Your work will happen in methods annotated with @Test, below the definition of makeBag. We’ve gotten you started with an example. Intern 0 really phoned it in (go look at Bag0.java to see just how much). The implementation Bag0 is the only one that will fail this test:

@Test
public void addedHasCount1() {
  ShoppingBag bagToTest = makeBag();

  Item i = new Item("Shampoo", 5);
  bagToTest.add(i);
  assertEquals(bagToTest.totalCount(), 1);
}

That is, if we create a new empty Bag and add an Item to it, we should expect that the total count of items is 1 after. If you run the program with just this test defined, you will see that it fails only on Bag0-created bags. It works just fine on the other implementations, whose mistakes and differences are more subtle.

Your job is to write more methods like addedHasCount1 with more sophisticated assertions that fail on the different implementations in different ways. Here are some things to think about; they don’t exhaustively cover the space of issues, but they help.

  • Adding duplicate items to the bags
  • Adding lots of items to the bags
  • Different kinds of removal from the bags
  • Adding and removing the same item

Running and Reading JUnit Results

To run the tests, you can click the green arrow button in Eclipse with ShoppingBagTest.java open. The left-hand pane will show a tree view of which tests succeeded and failed on each Bag implementation. You can click on the dropdown arrow next to each Bag name to se which specific tests suceeded and failed, and click on the individual tests to see them in the source window and see a description of the failures.

Note that in this assignment, a failing test is not (necessarily) a bad thing. You are trying to write tests that fail on some implementations and not others, in order to distinguish their behavior. As a result, you should not expect JUnit to be responding with all successes, because there’s no “right” set of tests that will succeed all the time.

README

You will also write a README for the assignment. You should put it in a file called README.txt, and write your answers in plain text, clearly marking them.

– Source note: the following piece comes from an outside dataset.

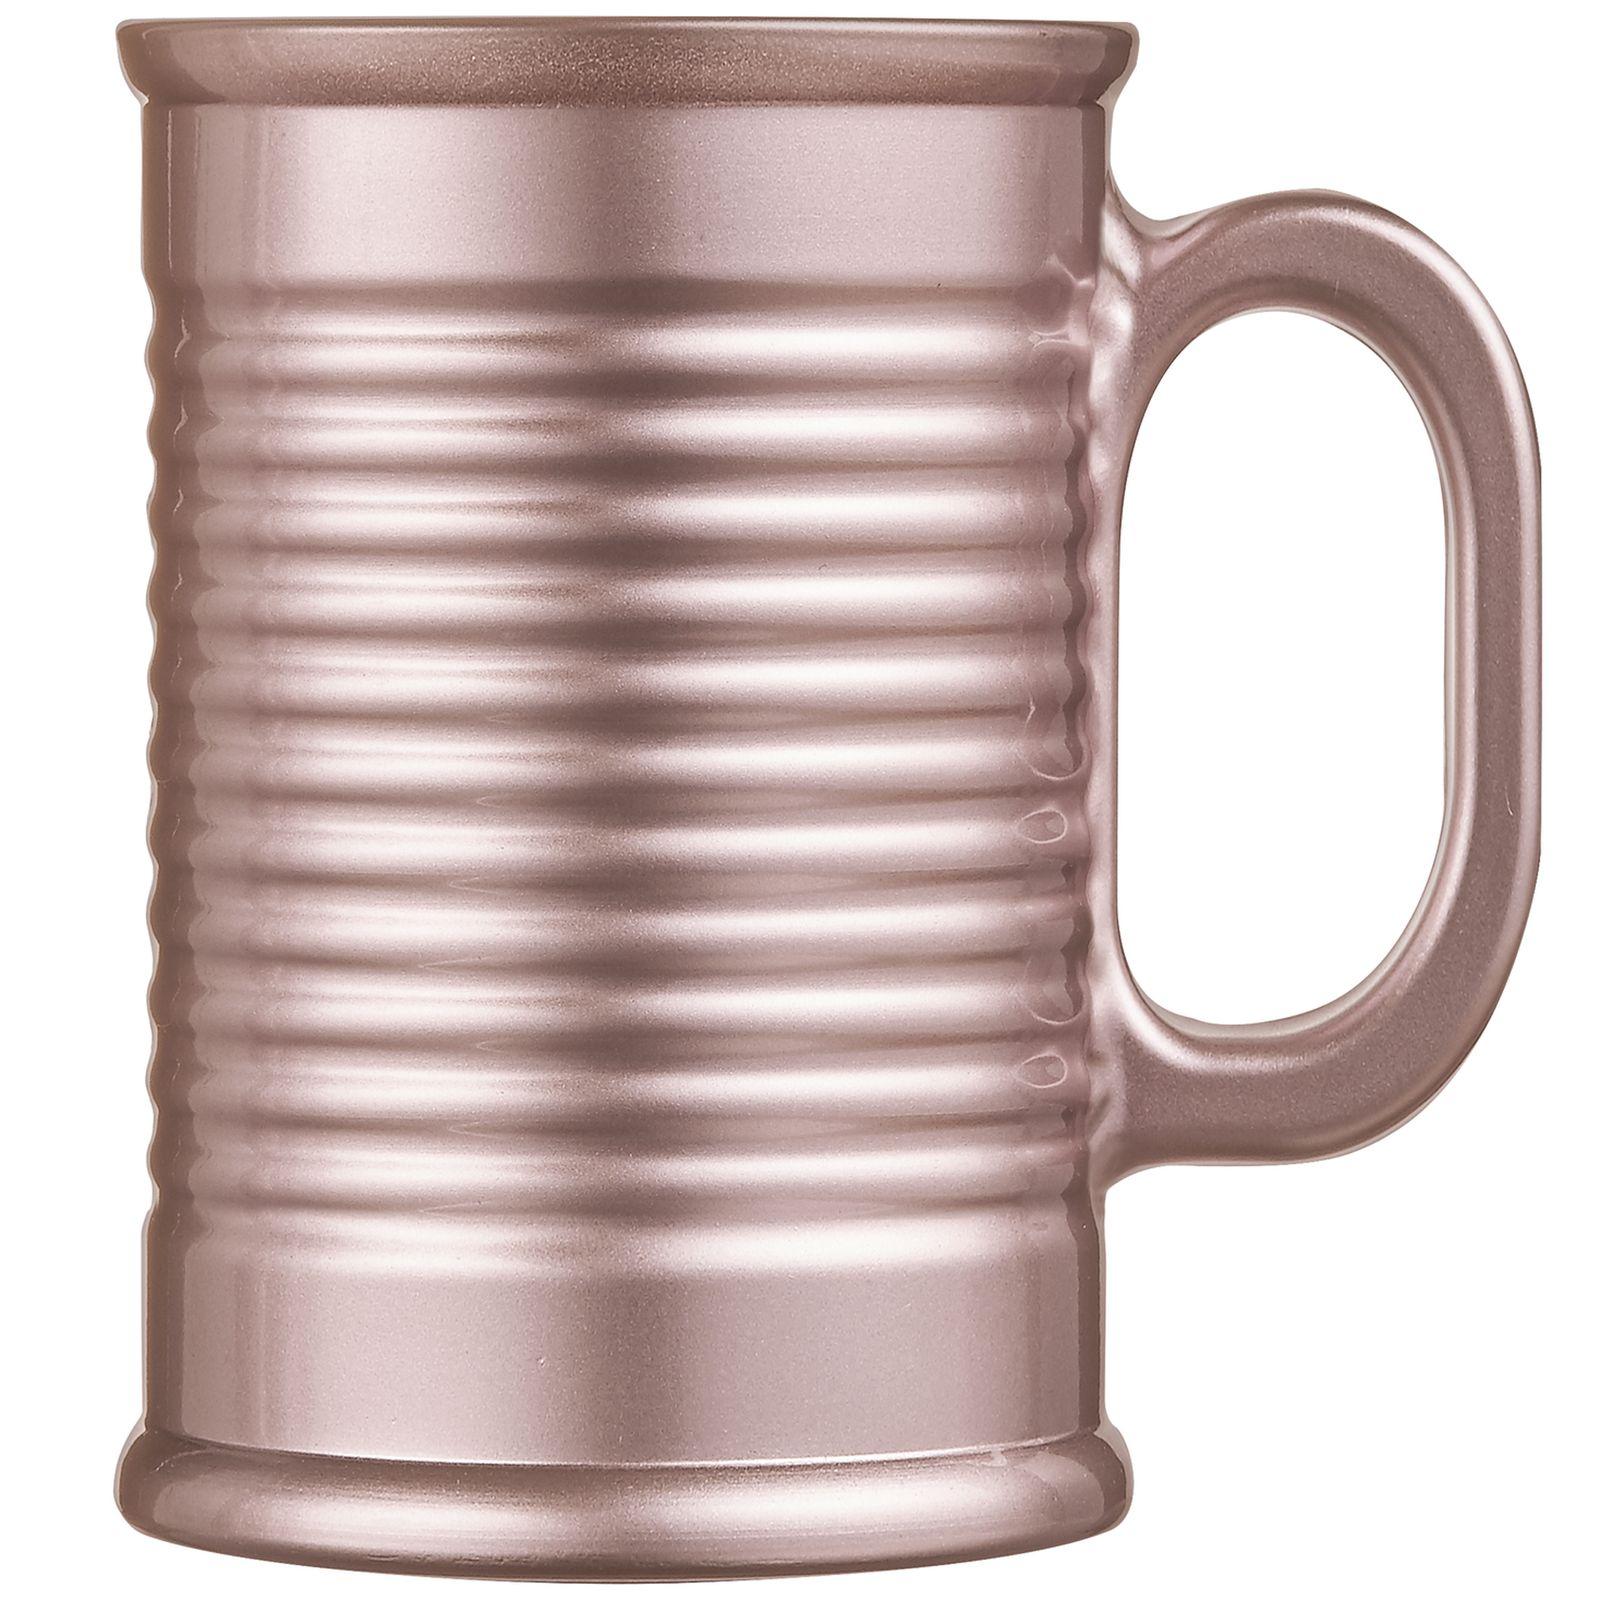 Kubek Conserve Moi 320 ml różowy-metalik LUMINARC

  1. Pick three of the Bag implementations other than Bag0. In 150 words or less, describe the tests that differ across them, and why the implementations produce those different results. You don’t have to talk in detail about all of your tests, just the ones that usefully distinguish three implementations of your choice.

  2. Some of the Bag implementations are buggy – they have clear mistakes in some situations. Others simply differ in behavior. For each implementation, indicate if you think it has a clear bug, and describe the problem, or if it’s simply an implementation choice. Give one sentence for each bag. Note that this requires exercising your own judgment, which we cannot do for you.

Here’s an example: “Bag0 is clearly buggy, because under no reasonable implementation should the bag claim to be empty after having something added.”

Style

You will be graded on your code’s style. It should be consistently indented.

Eclipse has some great auto-formatting options. Consider using the “Source…” “Format” option to automatically make your code pretty.

There are style considerations beyond indentation. Choose names for test methods and for variables that are descriptive and useful when you see them in test output. Consider writing helper methods if you repeatedly use the same set of statements to construct or manipulate a Bag. Use comments for descriptions not captured by your variable names and the natural flow of code.

Submitting

You can submit as many times as you like, and you’ll get feedback each time. See the instructions in Getting Code for how to upload to GradeScope.